1. Awal dimulai

11 0 0
                                    


Kita tak pernah tahu, bagaimana nasib seseorang diujung pilihan.
Dan masa depan yang bergantung akan pilihan tersebut dapat berubah kapanpun tanpa diminta.
Namun, dapatkah lari dari kenyataan?
Untuk kali ini, itu adalah keputusan gila.
Lari, hanya akan membuat masalah baru, begitu pula dengan pilihan yang semakin bertambah.
Karena dilihat dari sisi mana pun, pada akhirnya, kita harus memilih antara melakukannya atau menanggung eksekusi.

Kini, di siang hari yang terik, suasana setiap kelas hampir terasa seperti dipanggang dengan api menyala. Beberapa kipas angin di sudut ruangan sama sekali tak meredakan peluh keringat pada masing-masing murid. Tangan mereka mengibas diudara, dengan jas almamater yang sudah kompak ditanggalkan. Ditambah lagi pelajaran berbobot rasanya tak ada satupun yang dapat dicerna oleh otak.

Sama halnya dirasakan gadis disuatu kelas lantai tiga yang menjadi sasaran empuk matahari karena letaknya tepat di tengah-tengah.

Si gadis menyeka keringat pada dahi dengan tisu kering. Lalu menoleh ke samping kanannya.

"Apa kau masih memiliki minum?" tanyanya pada teman sebangkunya.

Temannya menggeleng pelan, membuatnya mendesah kecewa. Ia bangkit dari duduknya, berniat izin ke kamar kecil berkedok untuk membeli air mineral di kantin.

Setelah melenggang dari kelas, gadis itu merenggangkan ototnya sembari menghembuskan napas. Setidaknya di luar tidak sepanas berada di dalam kelas.

Ia melihat sekitarnya yang tentu saja sepi. Tanpa berlama-lama akhirnya gadis itu sudah berada di kantin. Gadis itu segera membayar setelah mengambil botol yang dicarinya lalu berniat kembali ke kelasnya. Namun, siapa sangka ketika ia berbelok melewati lorong laboratorium yang menghubungkan dengan lorong kelas lantai satu tiba-tiba terdengar bunyi benturan yang lumayan keras.

"Astaga, Tuhan!" katanya terkejut sembari reflek membuat jarak dengan ruangan itu.
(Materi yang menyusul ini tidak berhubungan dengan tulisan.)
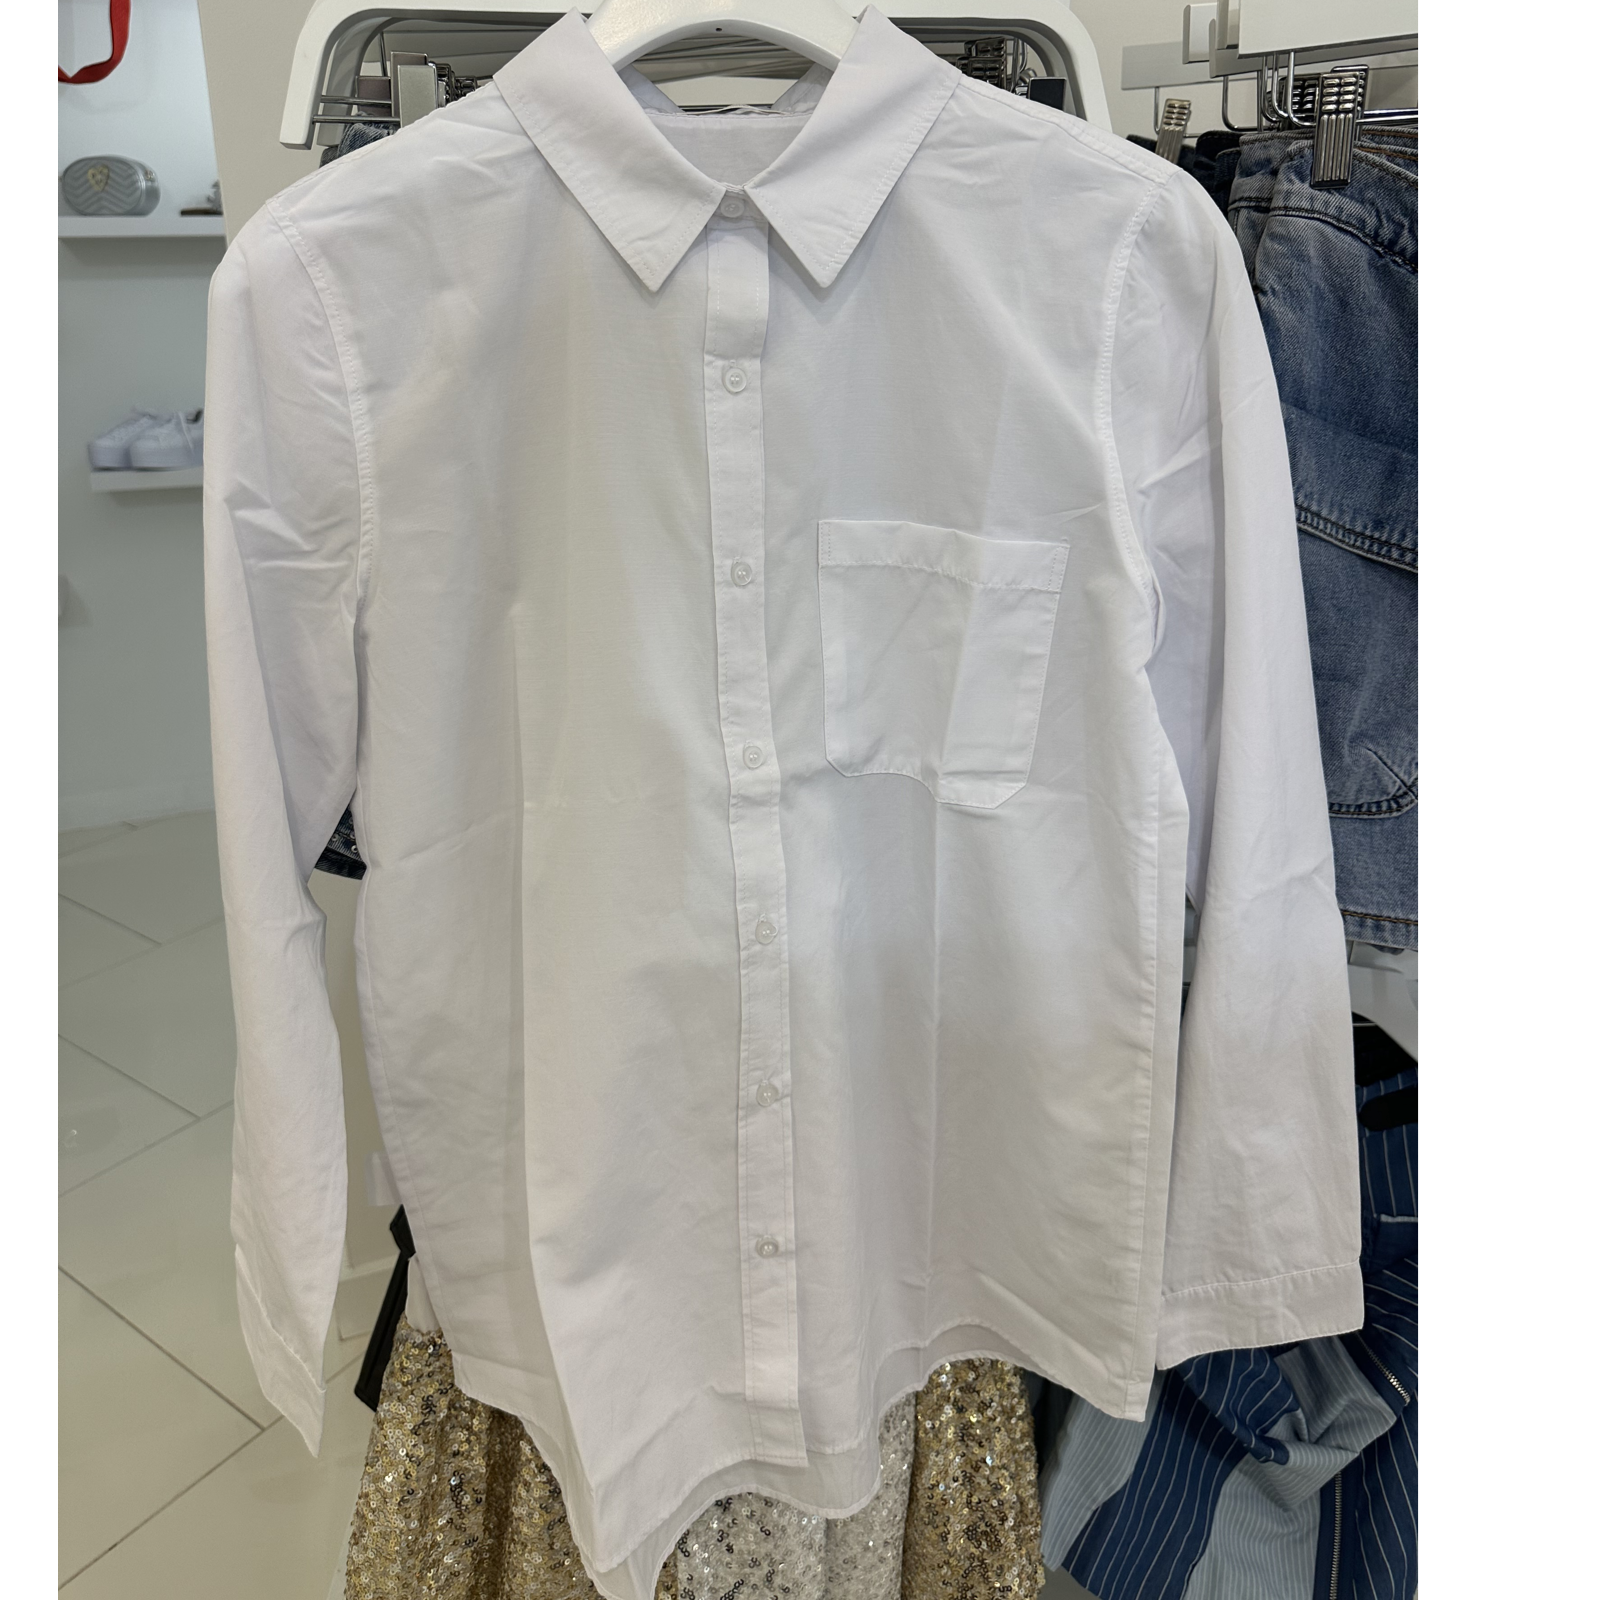 Off white basic blouse

Alih-alih mengabaikan, dirinya justru malah penasaran. Pada akhirnya, ia mencoba untuk memeriksa. Tangannya yang bebas mendorong pelan pintu ruangan itu, tetapi pandangannya tak kunjung menangkap penyebab bunyi yang ia rasa itu adalah sesuatu yang berbenturan dengan lantai. Saat ingin melangkah masuk ke dalam, pergerakannya dihentikan oleh seseorang. Gadis itu menatap bingung ke arahnya.

"Berhenti, Rhesh Mangata." Orang itu berucap serius.

Rhesh semakin dibuat bertanya-tanya kala Samuel yang merupakan kakak kelasnya sekaligus senior anggota klub olahraga menariknya menjauh, tak lupa lelaki itu menutup rapat pintu laboratorium tersebut seolah tak ingin memberi celah bagi siapapun mengusik ruangan itu.

"Memangnya kenapa kau menjauhkanku dari sana, Kak Samu?"

Pertanyaan yang sudah pasti terlontar itu tak langsung dibalas. Hingga saat dirasa keduanya hampir sampai di lantai dua barulah lelaki itu angkat bicara.

"Aku merasa ada yang tidak beres saja, siapa tahu ada benda berbahaya yang bisa saja melukaimu," Samuel berucap sembari memandang kelas milik si gadis yang sudah terlihat, "untuk sekarang lupakan hal tadi,"

Jika benar ada sesuatu yang berbahaya mungkin itu karena peralatan yang jatuh atau pecahan zat kimia lain, dan ia rasa akan ada yang bertugas membersihkan, begitulah kira-kira isi pikiran Rhesh yang memilih tak terlalu mengambil pusing. Meskipun tak dapat dipungkiri jiwa penasarannya terpancing.

"Kakak berkata begitu, membuatku semakin penasaran. Tapi, baiklah," kata Rhesh sebelum melambai pada Samuel.

Si senior klub olahraga menatap punggung yang menjauh dengan sorot mata yang sulit diartikan. Pikirannya kembali pada ruangan mencurigakan itu. Samuel itu terkadang suka negative thinking.